* [TASK BRIEF] Going line by line through the records below, write out everything starting with the line containing "Obey Calze Cooper" and going on through the line containing "Luna Moth Women's Relaxed T-Shirt", exactly and inclusively. Pictures do not go in.

* [RECORDS TO USE]
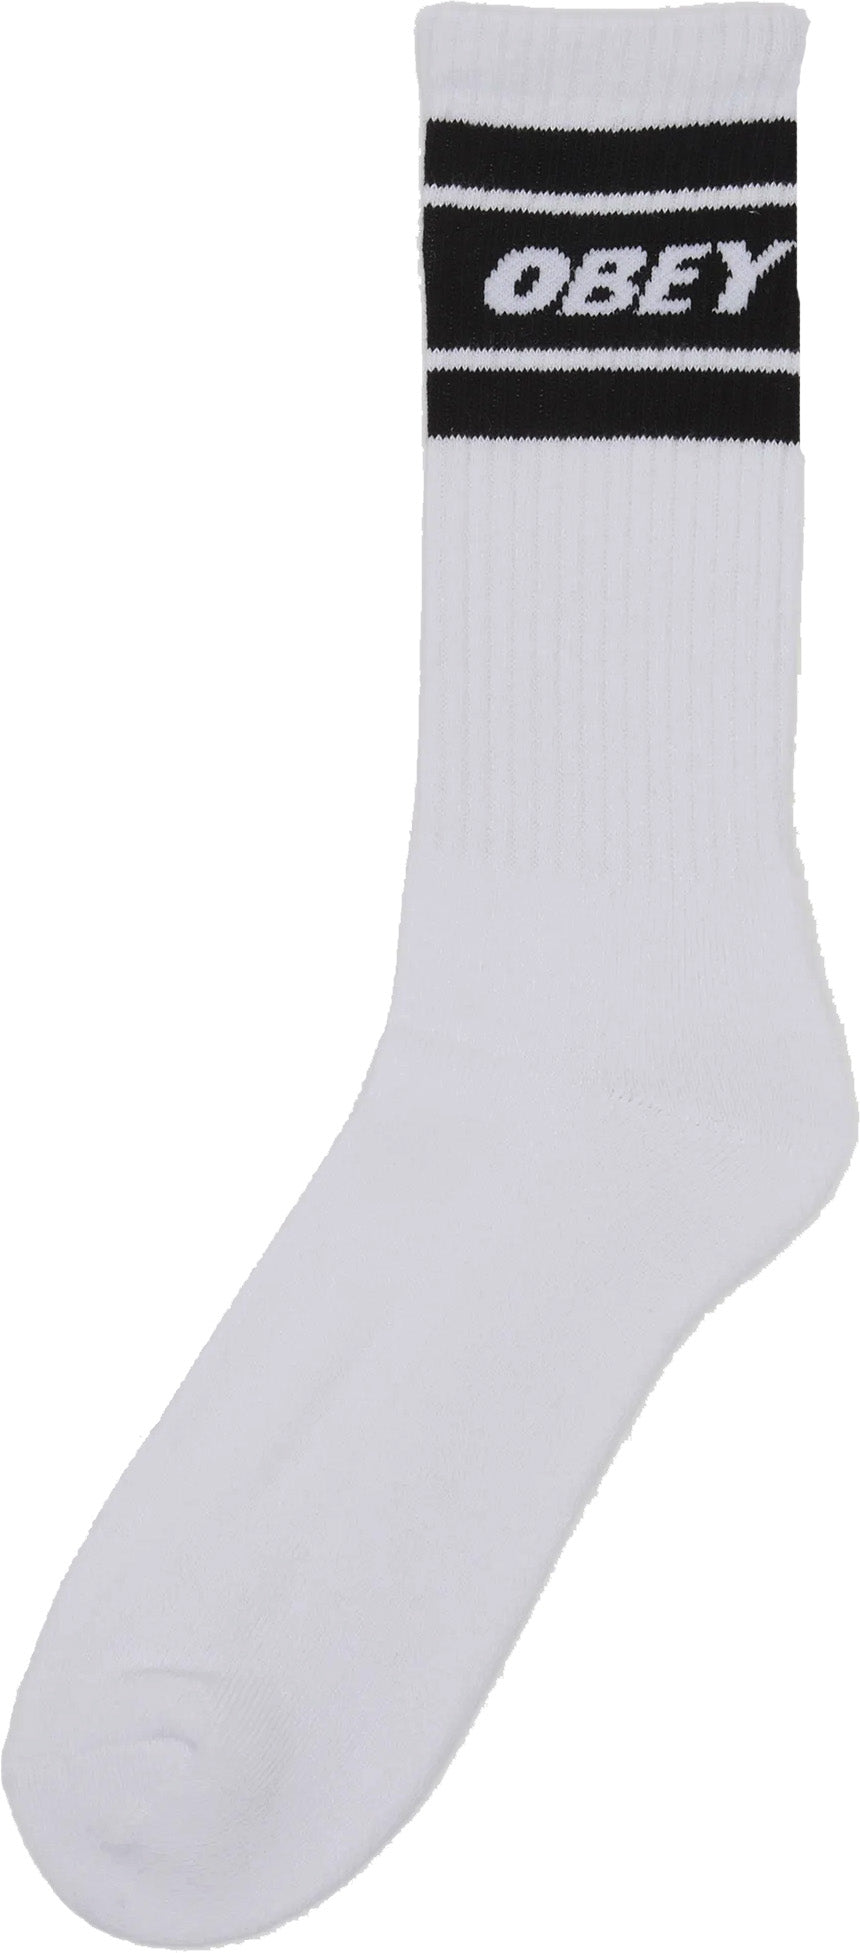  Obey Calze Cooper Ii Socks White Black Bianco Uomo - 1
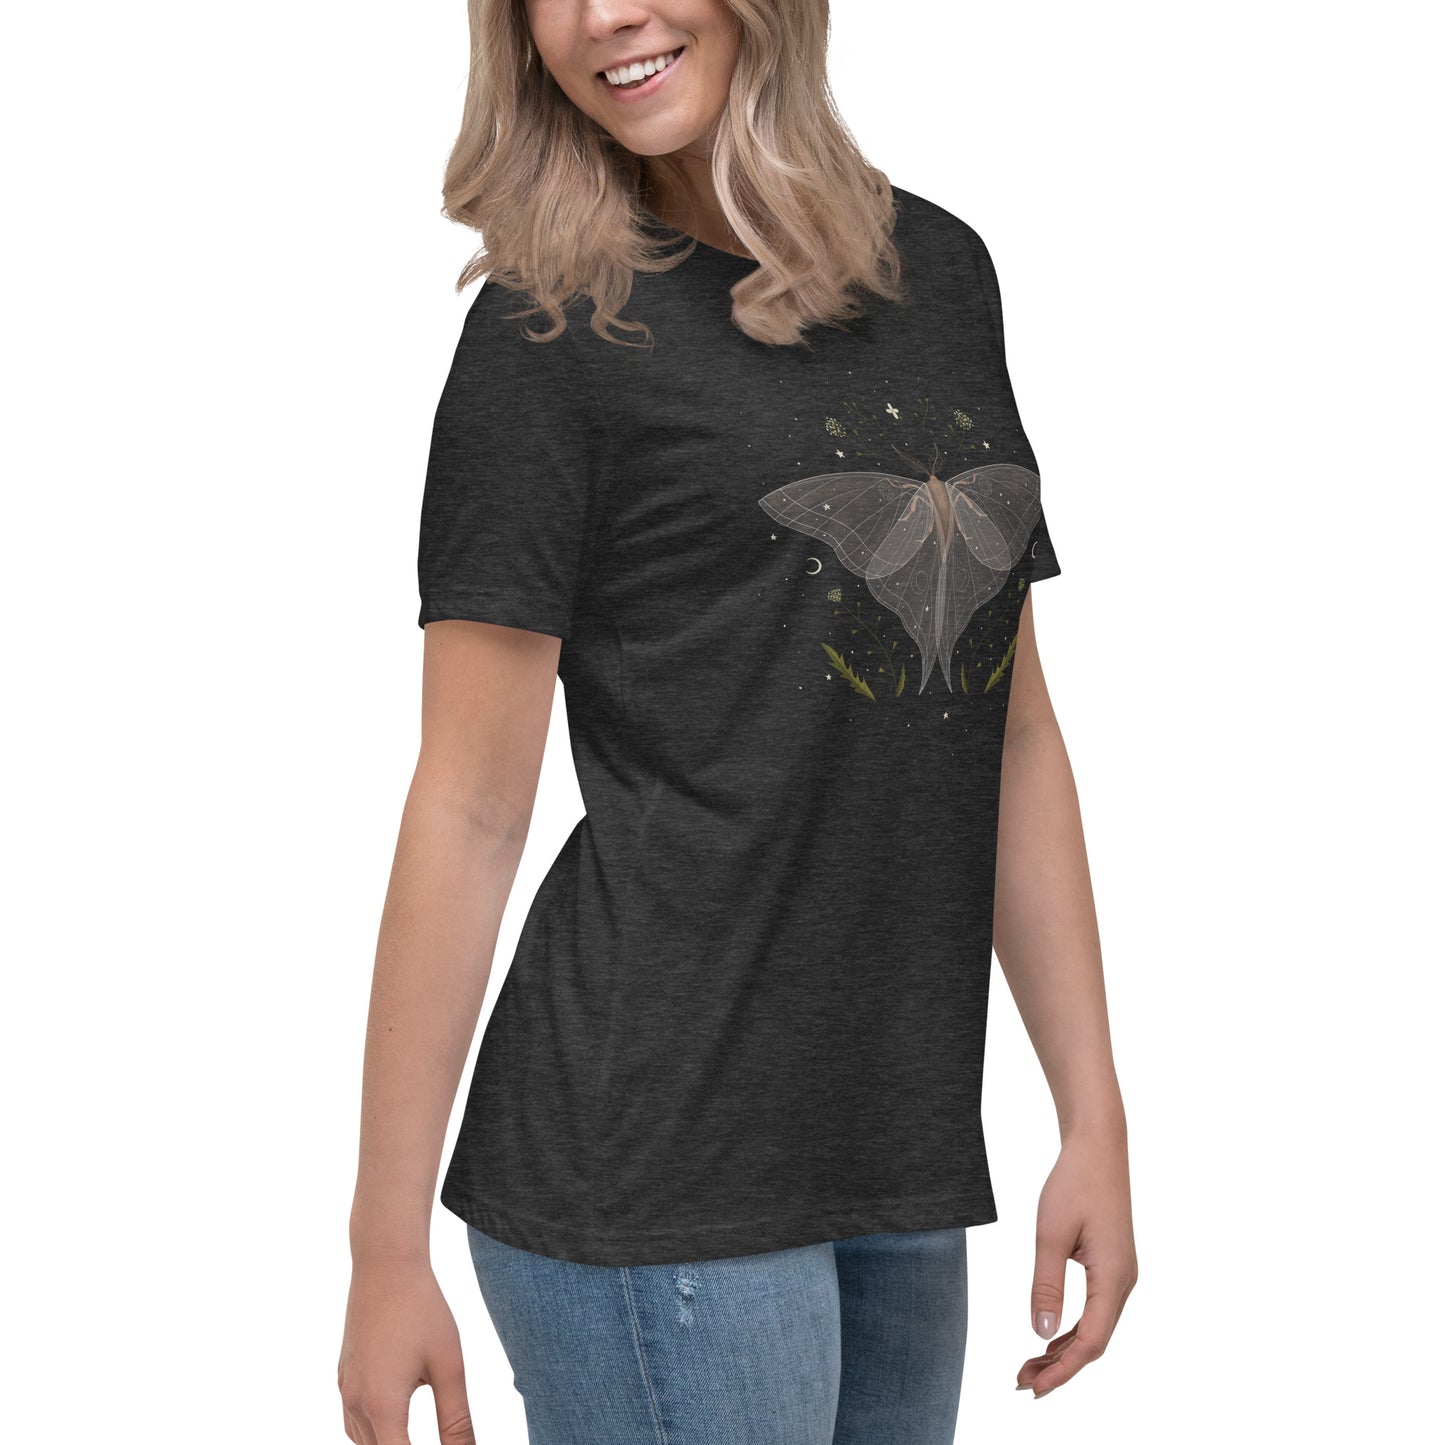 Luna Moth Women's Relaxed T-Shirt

...

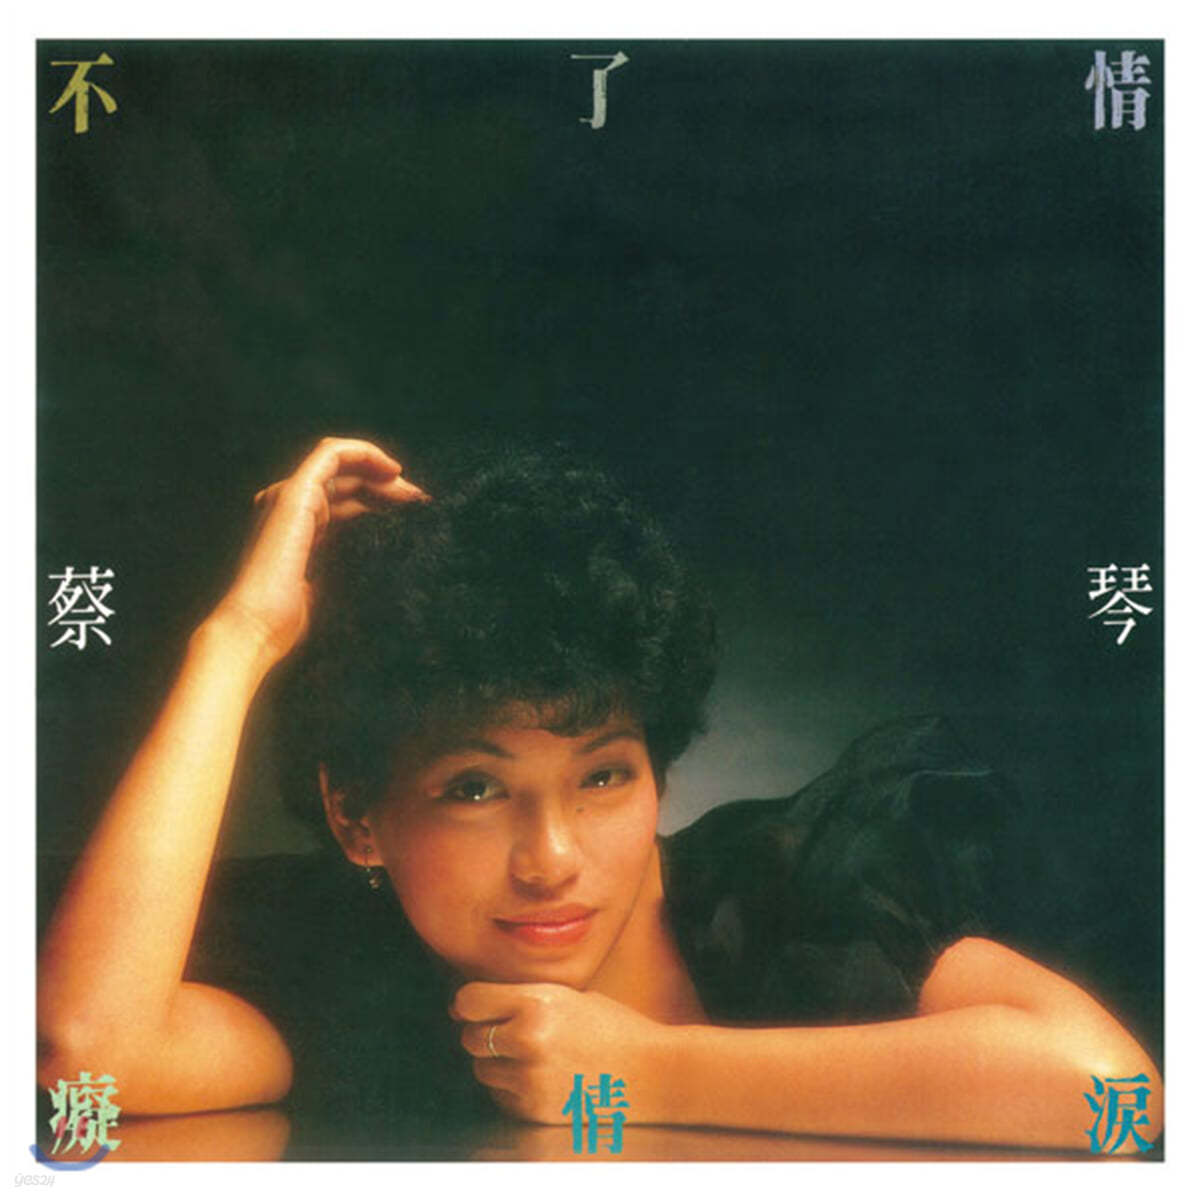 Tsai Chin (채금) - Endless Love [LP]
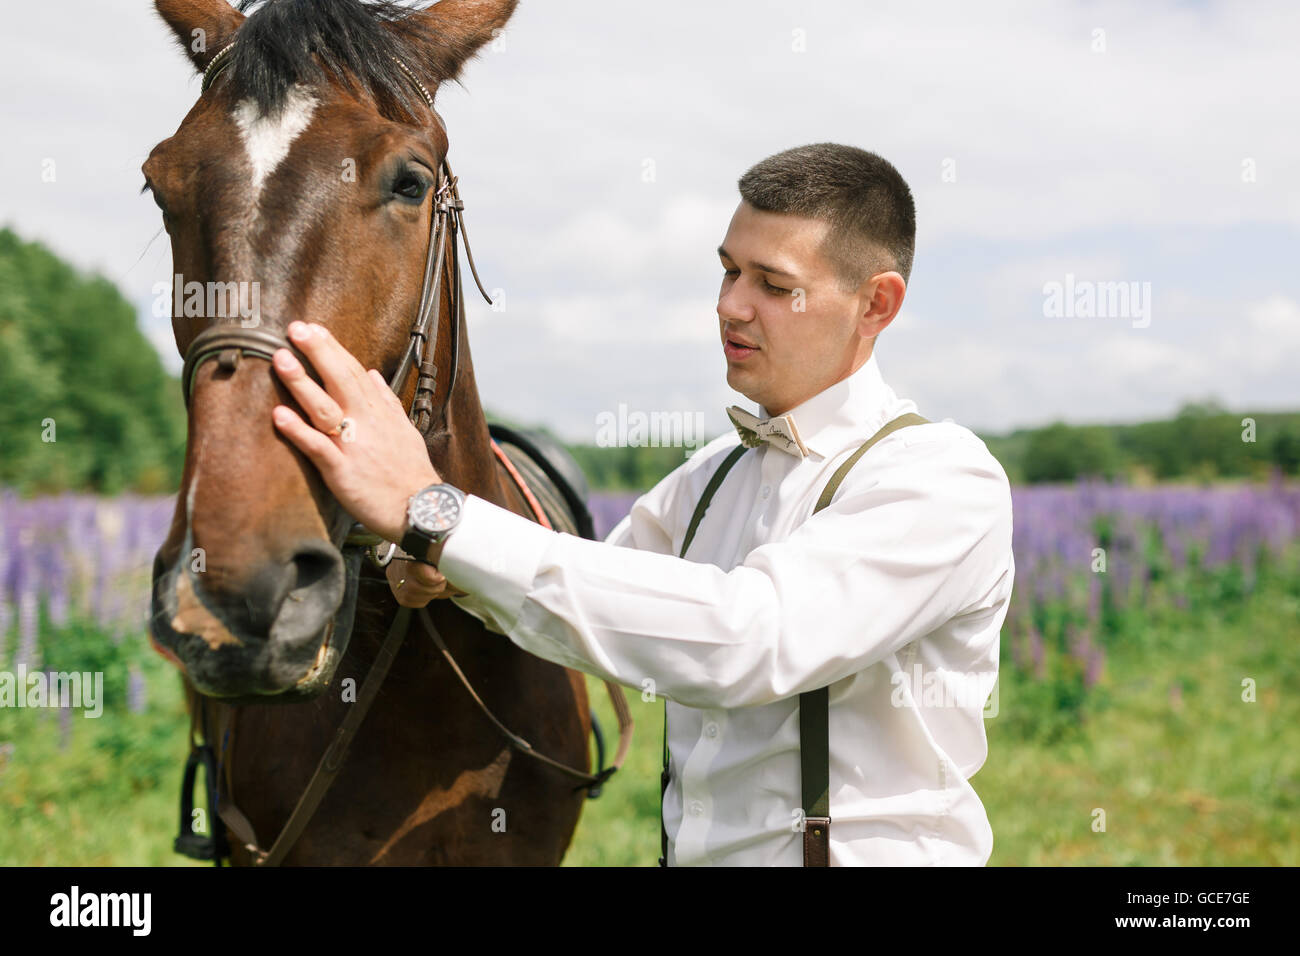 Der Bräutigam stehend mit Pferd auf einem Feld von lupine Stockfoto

--

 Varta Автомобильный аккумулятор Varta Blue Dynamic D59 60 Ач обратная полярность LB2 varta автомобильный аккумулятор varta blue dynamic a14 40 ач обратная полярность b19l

* [TASK OUTPUT]
  Obey Calze Cooper Ii Socks White Black Bianco Uomo - 1
 Luna Moth Women's Relaxed T-Shirt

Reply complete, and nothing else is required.